Все острее ощущал Уайльд свое положение изгоя. Горечь и беспросветное одиночество все более овладевали им. Когда рядом находился кто-либо из самых близких друзей, эти чувства притуплялись, стоило им уехать, как отчаяние, страх сковывали его душу. И вслед уехавшим летели письма, полные печали, тоски, безнадежности. Нет, он не забыл о «счастье благодарности». («Неблагодарному трудно идти по земле, ноги и сердце у него как свинцом налиты. Но если ты хоть в малой степени познал счастье благодарности, ноги твои легко ступают по песку и водам, и ты готов со странной, внезапно открывшейся тебе радостью вновь и вновь исчислять не владения свои, а долги. Их я коплю ныне в сокровищнице сердца, и, один золотой к другому, бережно перебираю на утренней и вечерней заре».) Проникнутые грустью и болью, письма оставались письмами поэта, художника с тонким вкусом, с великолепно развитым воображением, чуткого к любым проявлениям чувств. Многие из писем — Россу, Харрису, Ротенстайну, Максу Бирбому и другим — отправлялись в Англию, так близко расположенную и в то же время такую далекую и чужую.

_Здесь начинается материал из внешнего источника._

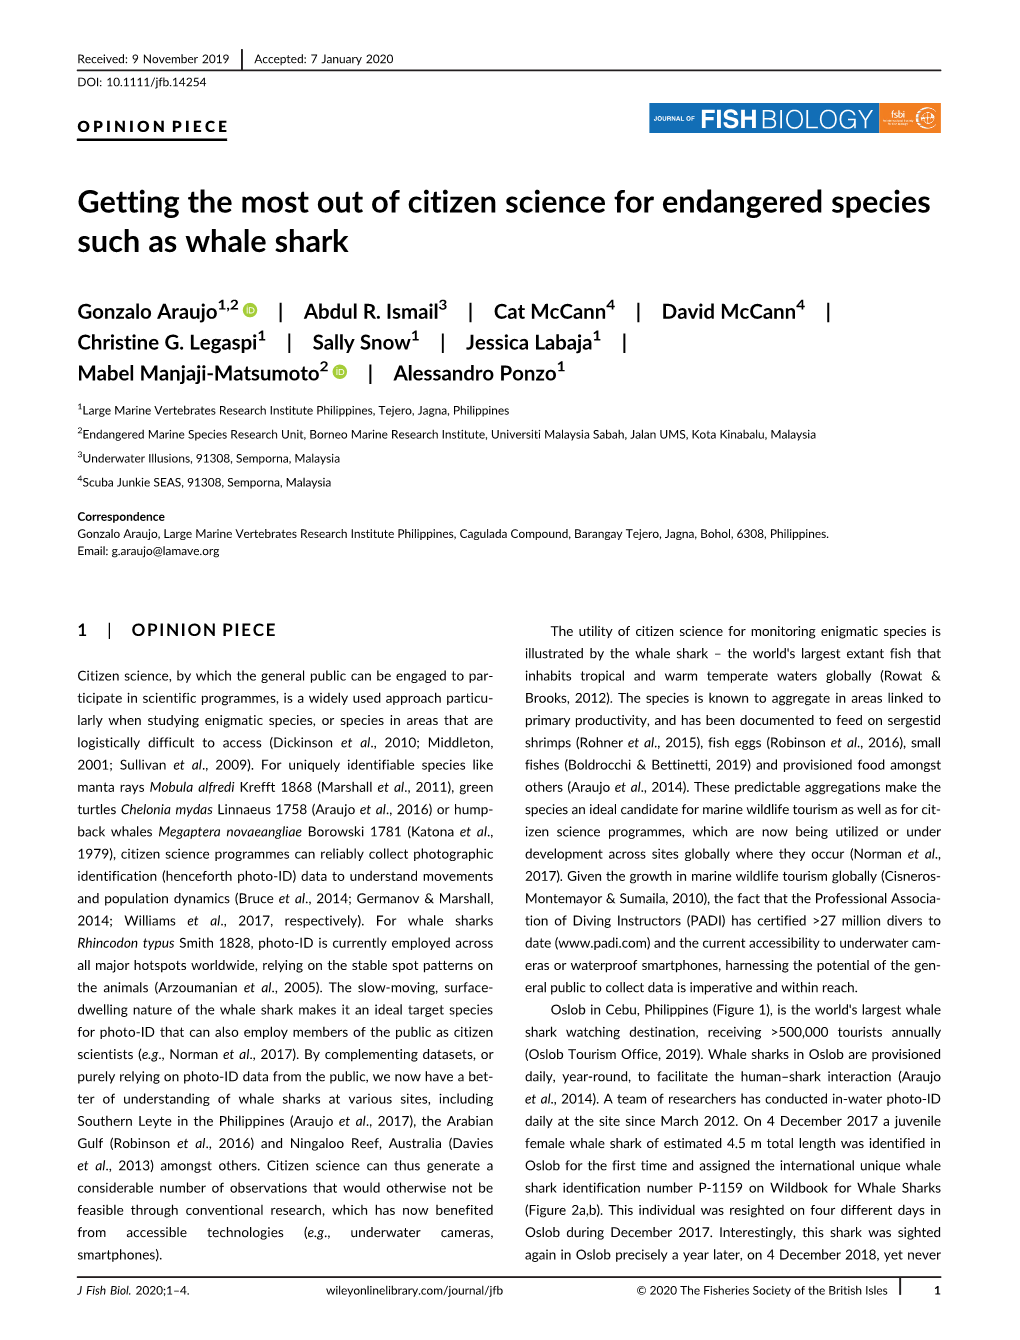 Getting the Most out of Citizen Science for Endangered Species Such As Whale Shark
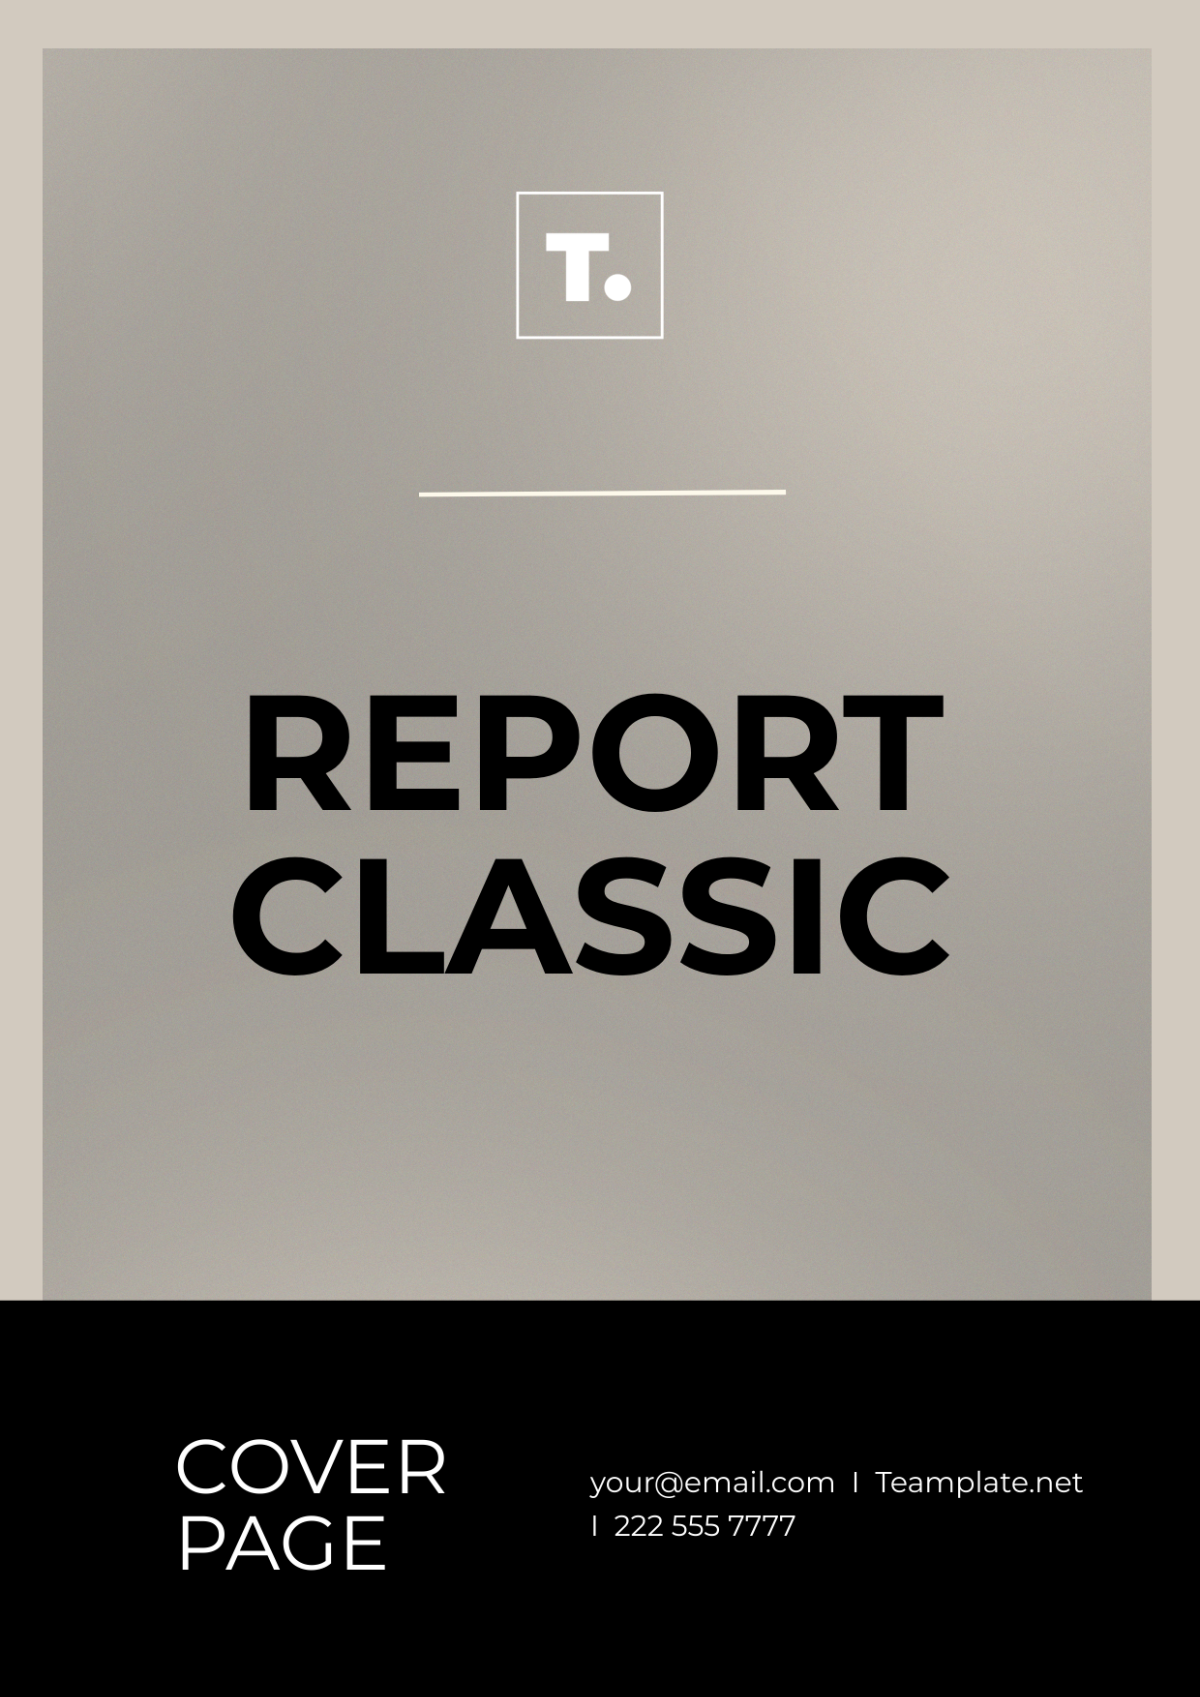 Report Classic Cover Page Template

Собственно Оскара Уайльда как бы уже вообще не существовало. В случайных отелях проживал некто — Себастьян Мельмот. Такой была последняя маска Уайльда, выбранная им самим. «Мельмот-скиталец» — название популярного в начале XIX века романа ирландского писателя Мэтьюрина, приходившегося к тому же двоюродным дедом Уайльду. Себастьян — возможно, в честь святого Себастьяна, пронзенного стрелами. Его изображения итальянскими художниками очень любил Уайльд, в особенности картину Гвидо Рени. Так слились романтические традиции и трагизм судьбы мученика-христианина в заключительном «театральном портрете» Уайльда.

Он подошел к своей последней черте. Его мысли еще раз обратились к богу, к Христу: «Христос умер не для того, чтобы спасти людей, а для того, чтобы научить их опасаться друг друга». Зная, что «Баллада Редингской тюрьмы» — его лебединая песня, Уайльд сожалел, что «кончает криком боли, стенанием Марсия, а не песнью Аполлона». Он все твердил, что «радость жизни» («la joie de vivre», — писал он по-французски) ушла из него, что Жизнь, которую он так любил — слишком любил, — «растерзала его, как хищный зверь».

Несколько раз Уайльд намеревался принять католичество, но по разным причинам этого не сделал. 20 ноября 1900 г. написано последнее письмо. 30 ноября его не стало. К постели умирающего Уайльда успели пригласить католического священника, который совершил крещение и предсмертное помазание.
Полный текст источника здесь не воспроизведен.